13/09/2012
Jacques Audiberti
Hommage à Jacques Audiberti
(1899-1965)
© Photo : Source Internet
(JACQUES AUDIBERTI)
«Des tonnes de semence»
Extraits – Poésie/Gallimard, 1999
________________________________________________________
FINIT L’ANGOISSE…
LOZÈRE
La raison hercynique où le temps nous commence
décapita les monts poussés d’avril d’avant.
Sans cesser d’émerger tout s’aplatit. Le vent
attentif redouta l’immense de l’immense.
Je le vis qui balance aux perrons de son nid
devant le piège nu des longueurs décloîtrées
et qui palpe d’abord, formules des contrées,
les tourelles de brume aux nappes de granit.
Il s’élança, plus tard, pour qu’il fauche et qu’il sème,
hors des faces du nul dont il tendait le cri.
le rocher, ciel second du ciel qui ne sourit,
frissonna comme un torse au tranchant du système.
Et le vent, et le roc, et le ciel, et ces noirs
sapins qui vont filant, comme leurs brus les plantes,
l’inerte éternité des époques volantes,
entamèrent la ronde à l’angle des renards.
Chaque jour possédait le jour qui l’achemine
mais succombait en masse au même qui le suit.
Solaire fenaison, n’importe quelle nuit
ne s’écartait de toute, où la bête rumine.

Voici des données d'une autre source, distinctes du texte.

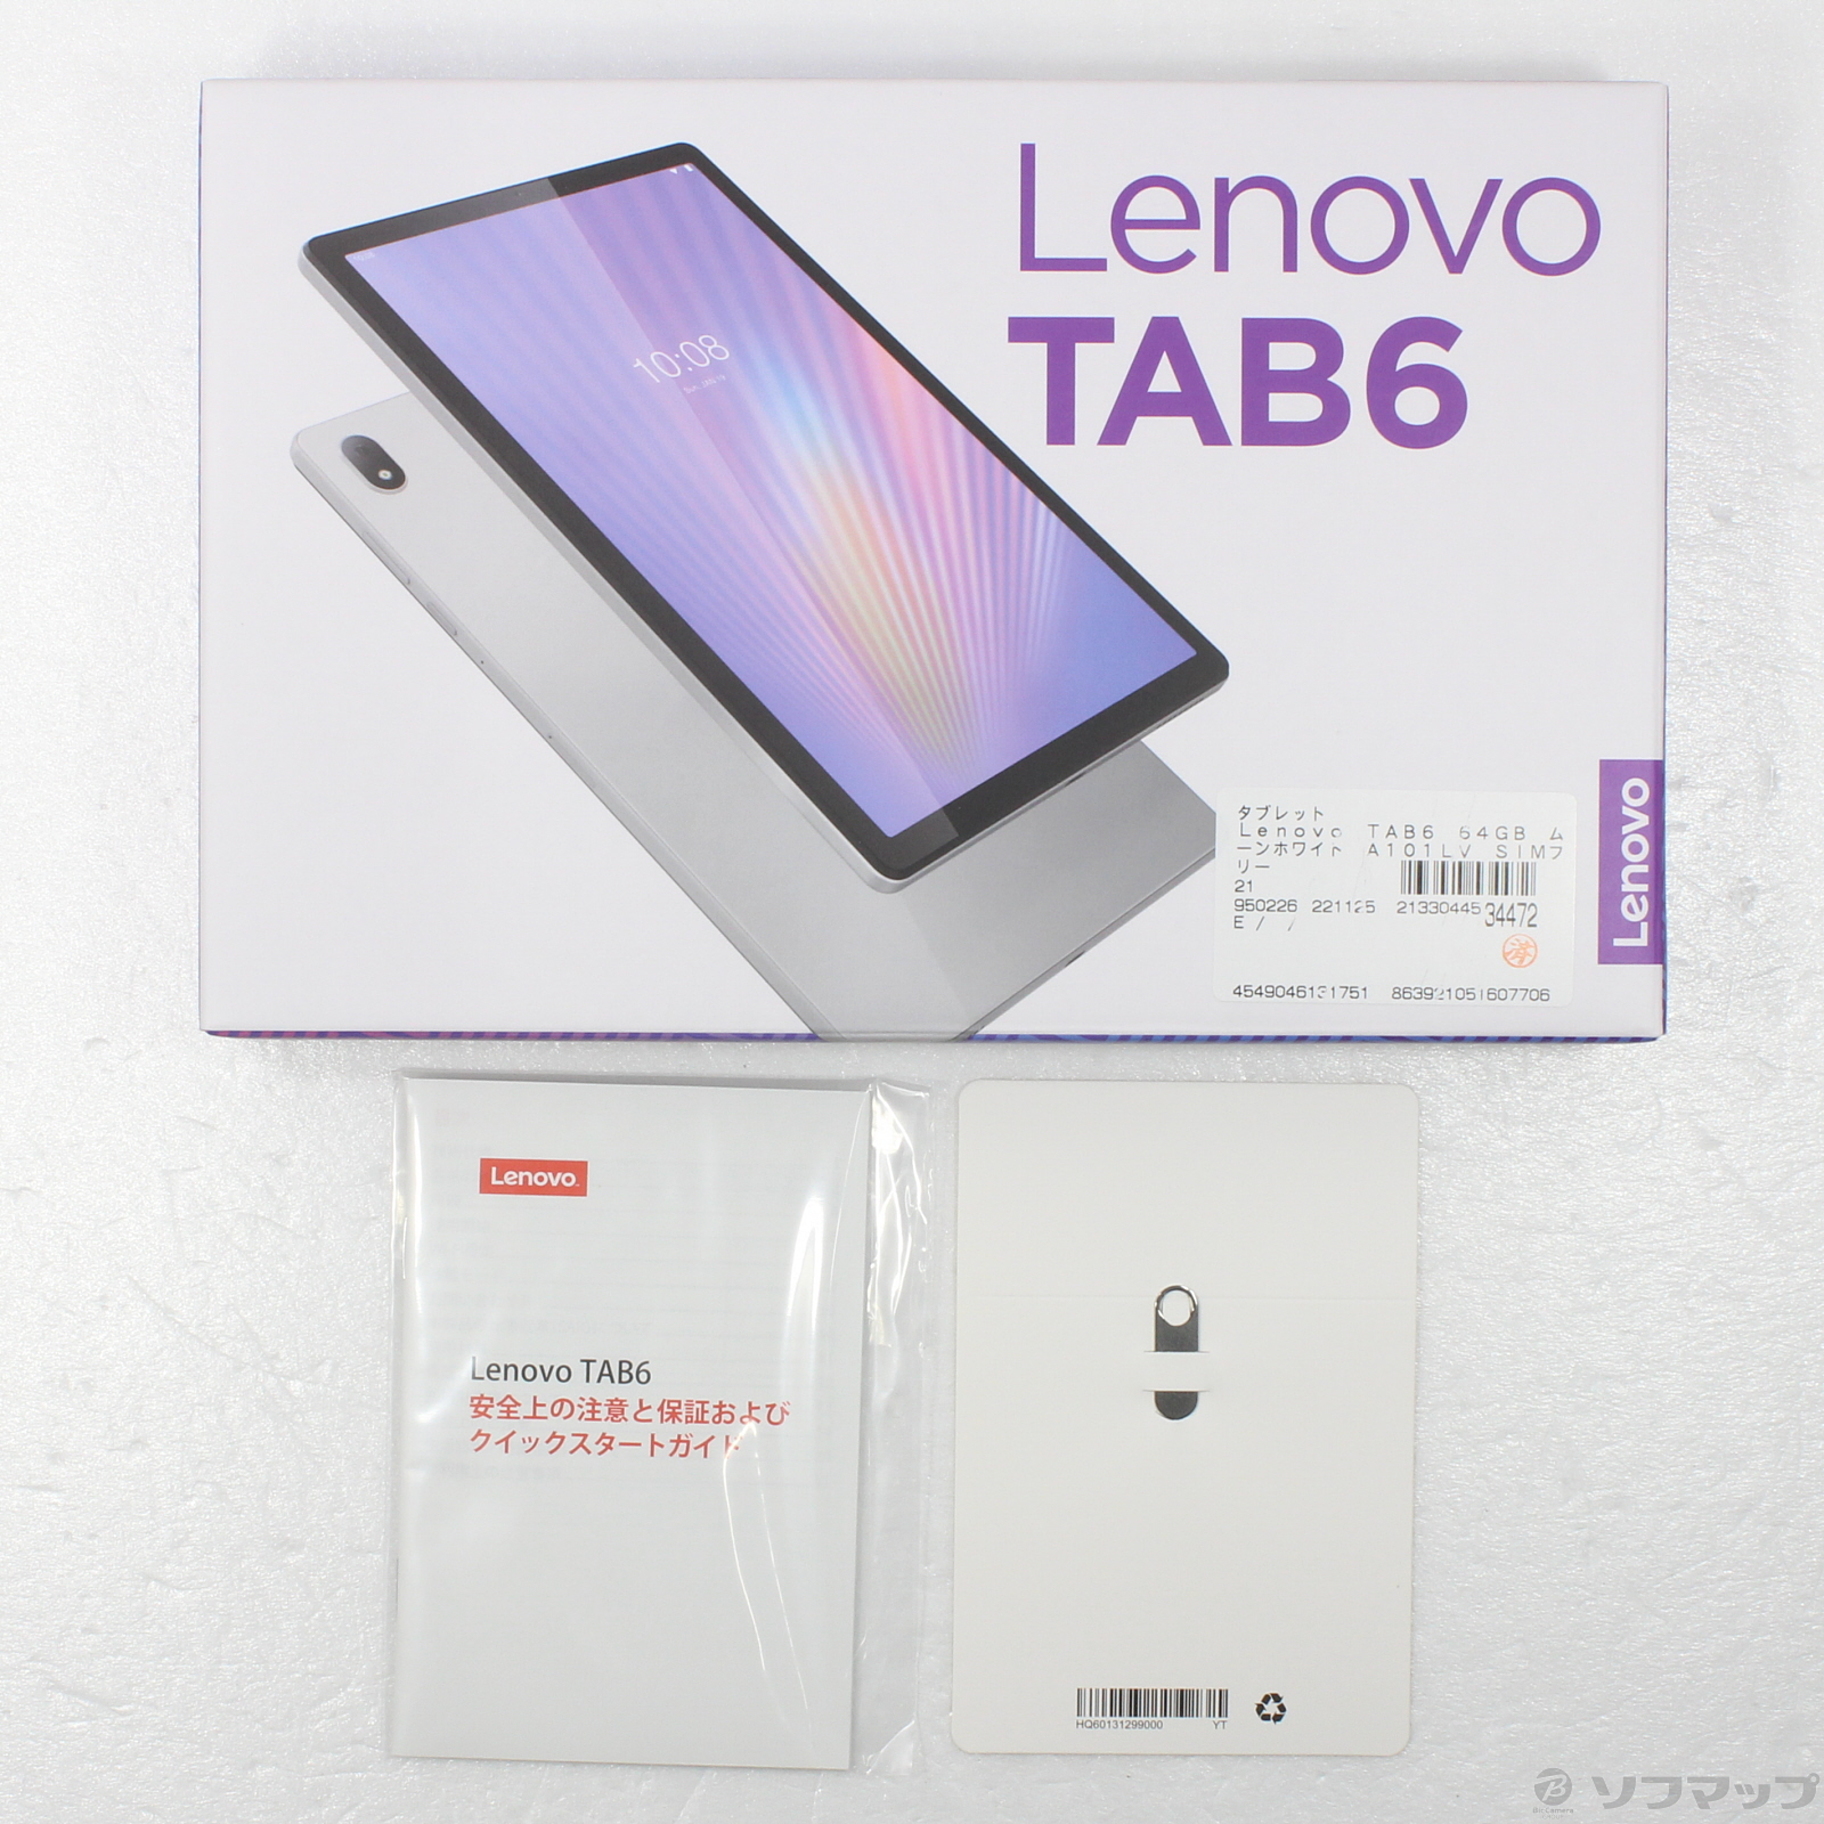 Lenovoタブ6 ムーンホワイト 白 タブレット 5G対応 iPad レノボ+

L’âge croyait dormir, ressort des absolus,
groupé dans l’épaisseur des mornes carapaces,
pèlerin, cependant, vers ses propres espaces
et vers l’horrible honneur des bonds où je me plus.
La vipère pondait sous les bombes de lave.
La gluante belette épouvantait gratis.
La moelle truquait l’os en faveur du métis.
L’oiseau gelé tintait comme un anneau d’esclave.
L’épi croissait dès lors que, souffle ! tu te fuis,
et que l’onde ruisselle et qu’enfin se décore
de velours caressant où ne bougent encore
que les loups membraneux la courbure des puys.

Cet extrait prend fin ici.